The key aspect of this, and the core aspect, is to negotiate and deliver a settlement which means that the backstop is just historical, a document which you can read, but which has never been invoked; which is instructive about our engagement with the process, but is not being moved forward because it is simply an historical document.
It is important that we recognise that Northern Ireland will remain a part of the UK, based upon the principles of consent enshrined and framed within the Good Friday agreement. Again, nothing will influence or change the language of that agreement. At that time where there is a movement in the province of Northern Ireland, the Good Friday agreement will support that movement in that particular direction. That was its purpose. That was why the agreement was so subtle and so clever in putting together that particular aspect.
It would be useful for me to spend a moment or two talking directly about the four questions which were raised by the noble Lord, Lord Adonis, because they were, in some ways, instructive. I believe I have answered the first, the question about whether Northern Ireland will be in a customs union while the rest of the UK is outside, even if only on a temporary basis. The answer to that is no.
Regarding suppression of trade, or any of these aspects, the ambition right now is to ensure that that soft border remains until such time as it is replaced by the appropriate relationship between the 27 and the one—between the UK and the remainder of the EU.

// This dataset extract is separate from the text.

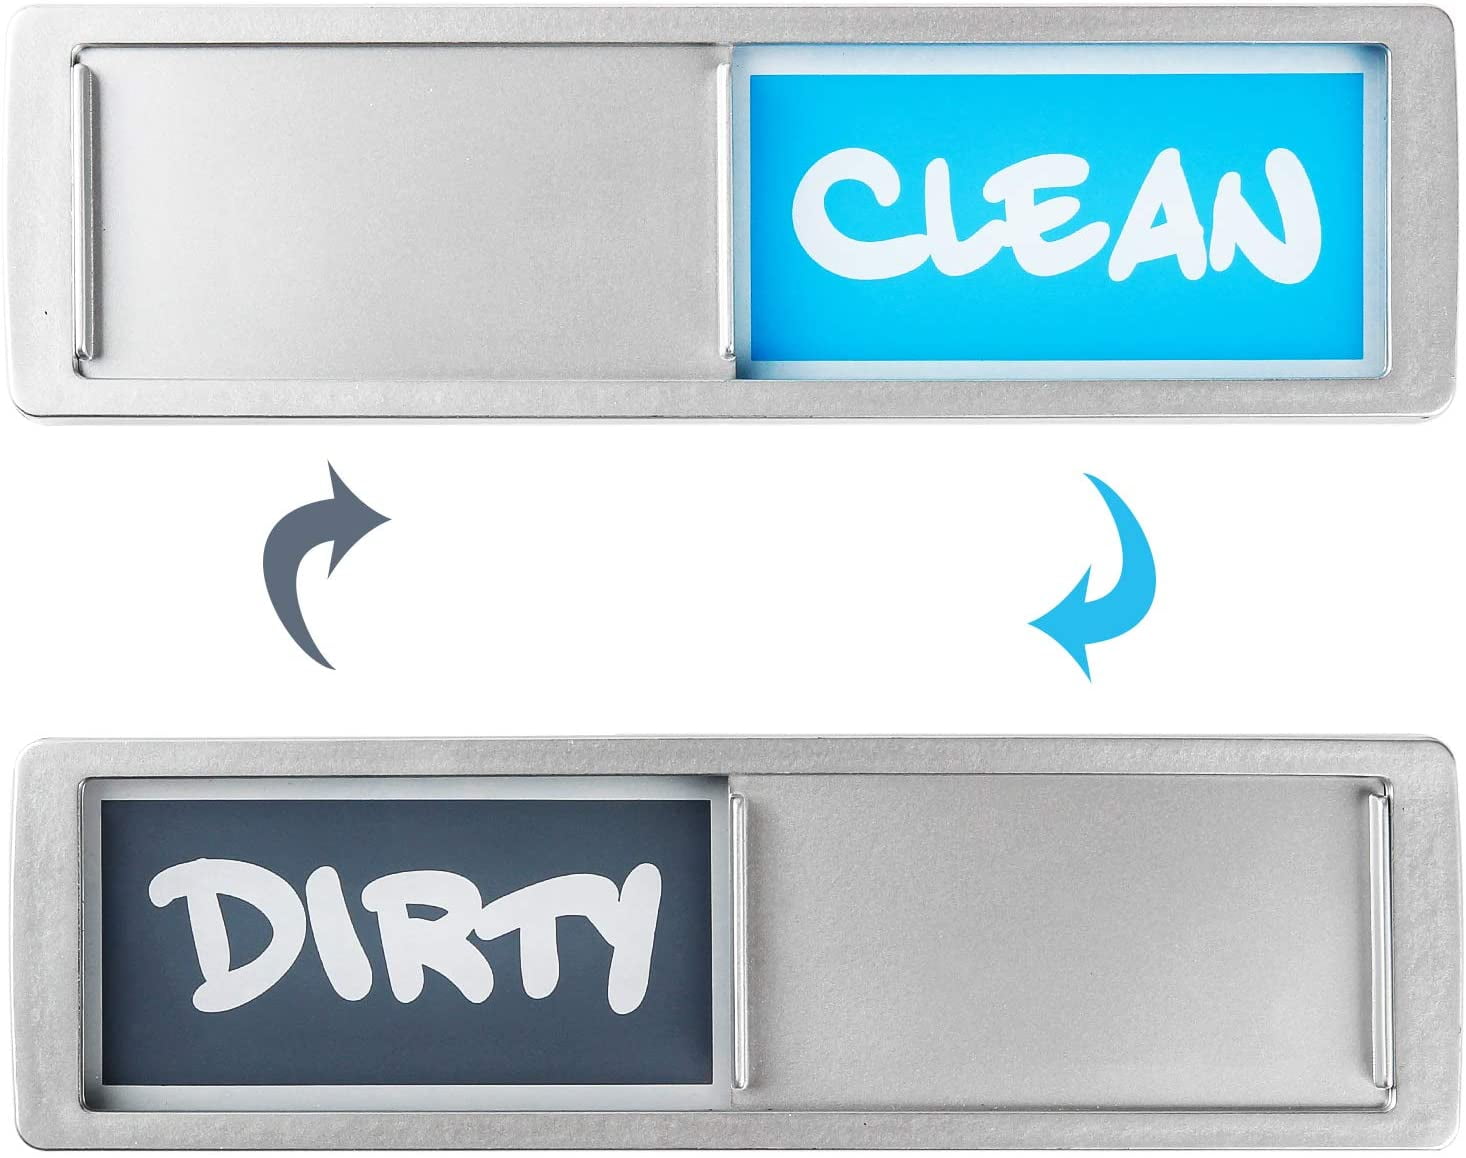 Clean Dirty Magnets for Dishwasher Indicator,Both Magnetic and Sticky Dishwasher Sign,Slide to Show Dishes Clean or Dirty/Black Refrigerator Magnet MOONOON Dirty Clean Dishwasher Magnet 2 Pack

Regarding freedom of movement, there has been talk again of the common travel area. As a number of noble Lords have noted, this dates back to 1922. It will not change, and it will allow the freedom of movement of people within the island of Ireland. Now, I see the noble Lord, Lord Davies, looking quizzically at me, because he asked a very different question about that, which was about what then happens if you find an EU national who, by one means or another, finds himself in Ireland with the freedom, then, to cross the border into the north. I may be paraphrasing slightly, but I believe that is the core of it. In truth, there is a risk of that today. That is why the intelligence shared between Belfast and Dublin is so strong.
If I may answer the question first, the noble Lord can bob up afterwards. The reality remains that, right now, were someone to come into the EU via Ireland from outside the EU, they too could go to ground by crossing the border if they were so minded to do so. They would remain an illegal migrant at that particular point, and they would be unable to draw upon any of the services or opportunities of employment in the north or in the rest of the UK. I will give way.
I thank the Minister for giving way and for addressing my question, but I do not think that he has fully understood it. At the present time, that Bulgarian in my example can come here, either from Ireland or Calais, because we are part of the European Union, with a system of freedom of movement. If we leave the European Union and the area of freedom of movement, so that the citizens of the other 26 countries in the Union will not be able to come here freely as they can at the present time, and if we still have freedom of movement within the island of Ireland, then my question is clearly relevant. If the Bulgarian comes to Ireland, which he can do today quite legally, it will no longer be the case that he can come here quite legally without any formalities at all; however, he is physically able to do so because of the absence of any restrictions—rightly, in my view—either between the border of Northern and south Ireland or between Ireland and Britain.